Before her, her father, Pavel Parkkinen, has always been an activist of "ethnic restoration", trying to resurrect the Ingrain culture from the underground, and was the first president of the "Ingermanland Union", Inkerin Liitto.

The idea of the museum it was passed down to subsequent generations by elderly relatives, and many projects were discussed. The last attempt to open one in Russia dates back to a few years ago, in the village of Tajtsy, where a wooden house with a library has also been preserved, which was rented for a certain time, with the promise of entrusting it for at least 50 years. Funds were raised and a restoration began, but the lease was not then renewed, without refunding the money spent; then Susanna decided to look outside the borders.

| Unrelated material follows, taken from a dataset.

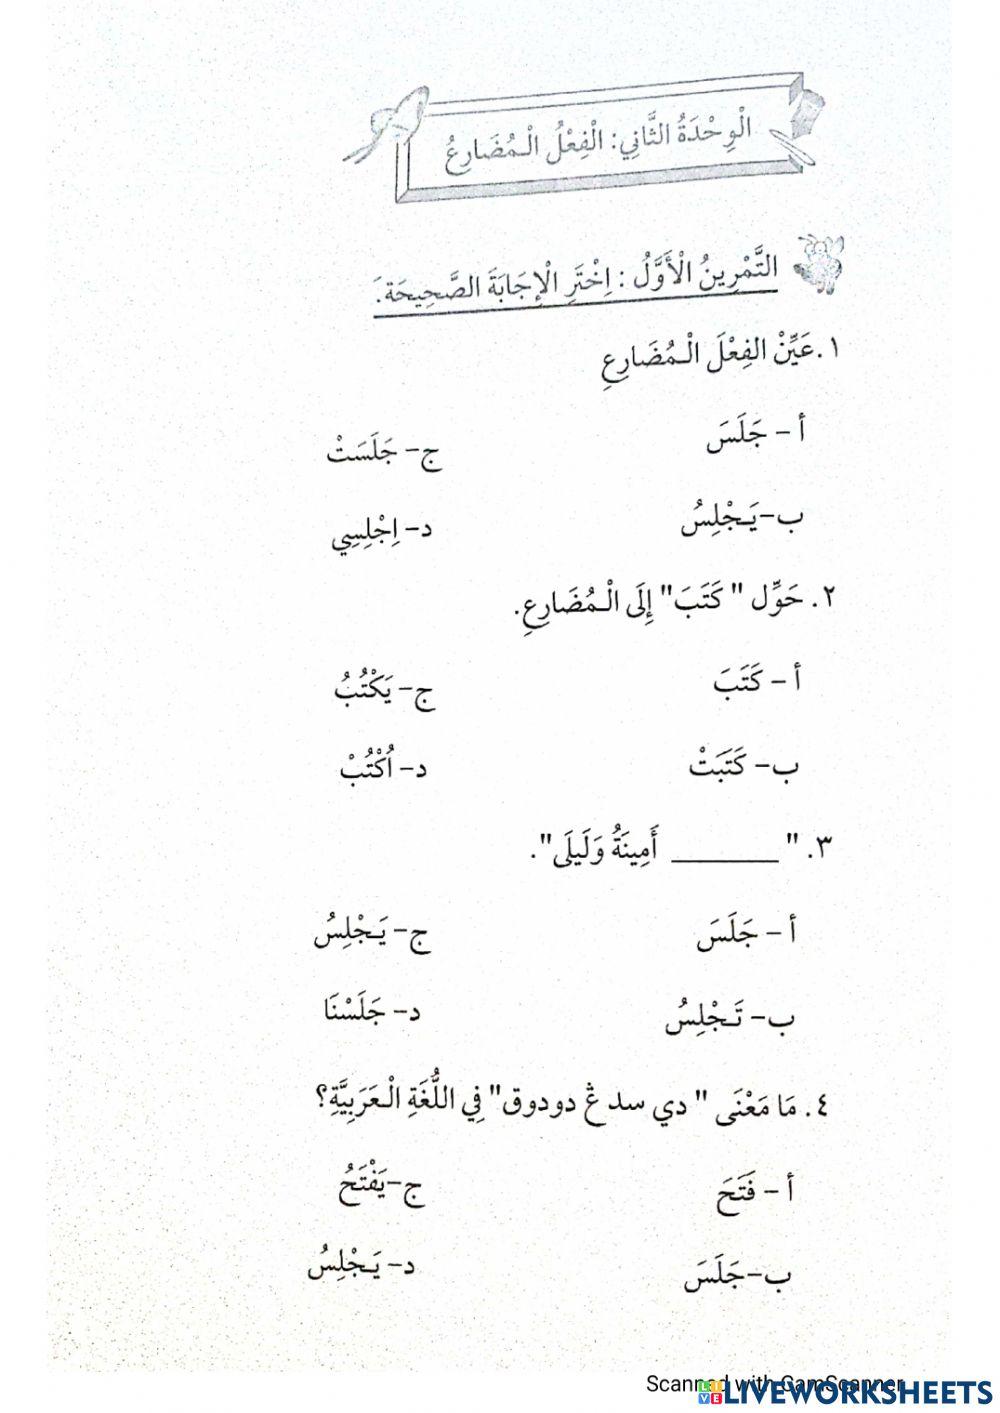 Bahasa arab

There was availability in Lapland, but Susanna and her friends discarded the idea, as it is not the true homeland of the Ingri. It would have been a shared museum for the many small Finno-Ugric nationalities of the region: the Finns of Murmansk, the woodland Finns of Sweden, the Kvens and other related ethnic groups, such as the Karely, the Izhora, the Vod', Vepsy and Saami.

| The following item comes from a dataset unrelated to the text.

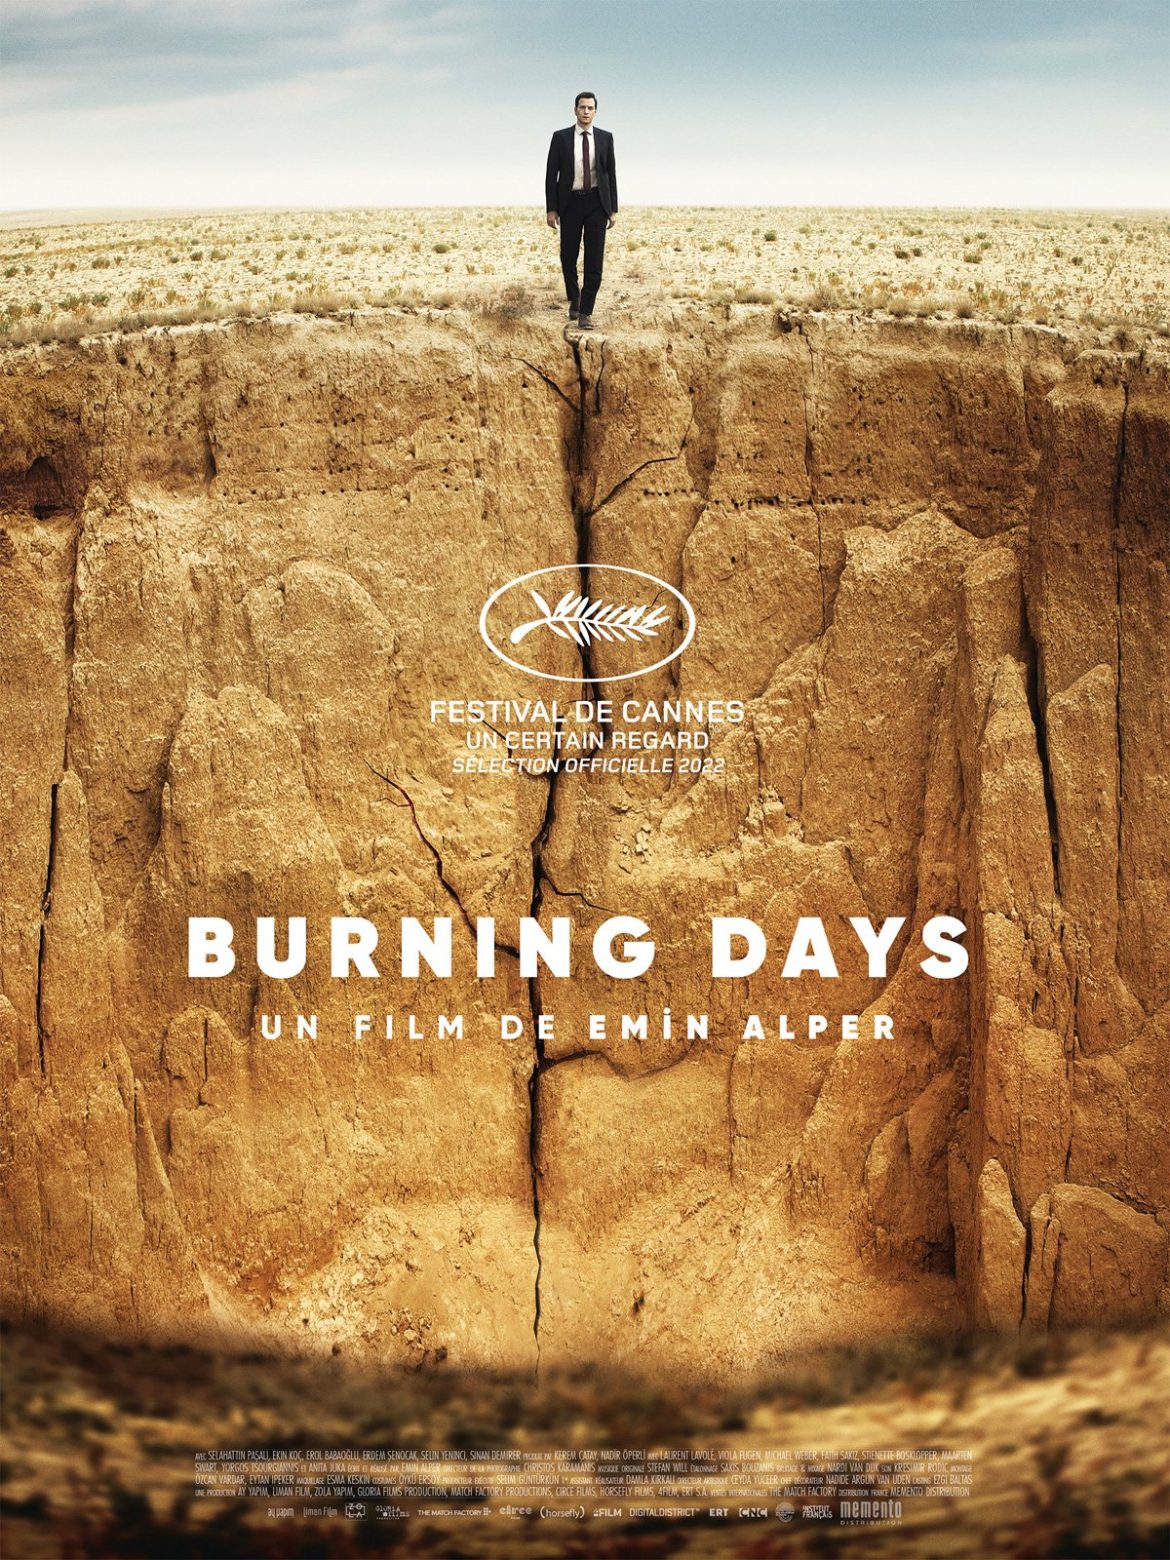 LES FILMS DU SUD présentent : Burning days

So the choice fell on this house, built by Swedish soldiers during the Winter War, collecting antique tools and furniture from everywhere, even if many things had been preserved by the owners; The ancient large Tchaiknik was brought from Russia, the tea kettle that stands above the central stove of the inhabitants' gathering room.

Parkkinen does everything with her money and strength, after leaving the construction company that she managed, trying to put into practice the many indications passed down by her father, who, despite his advanced age, still supports her daughter in her feat.

In the restoration of ancient Ingermanland, as Susanna explains, the main stimulus is the idea of redemption from the many repressions suffered by its people in the past, but also the hope of a rebirth in the future, not only of the small Ingri people, but of all the peoples of the great north, and of all Russia.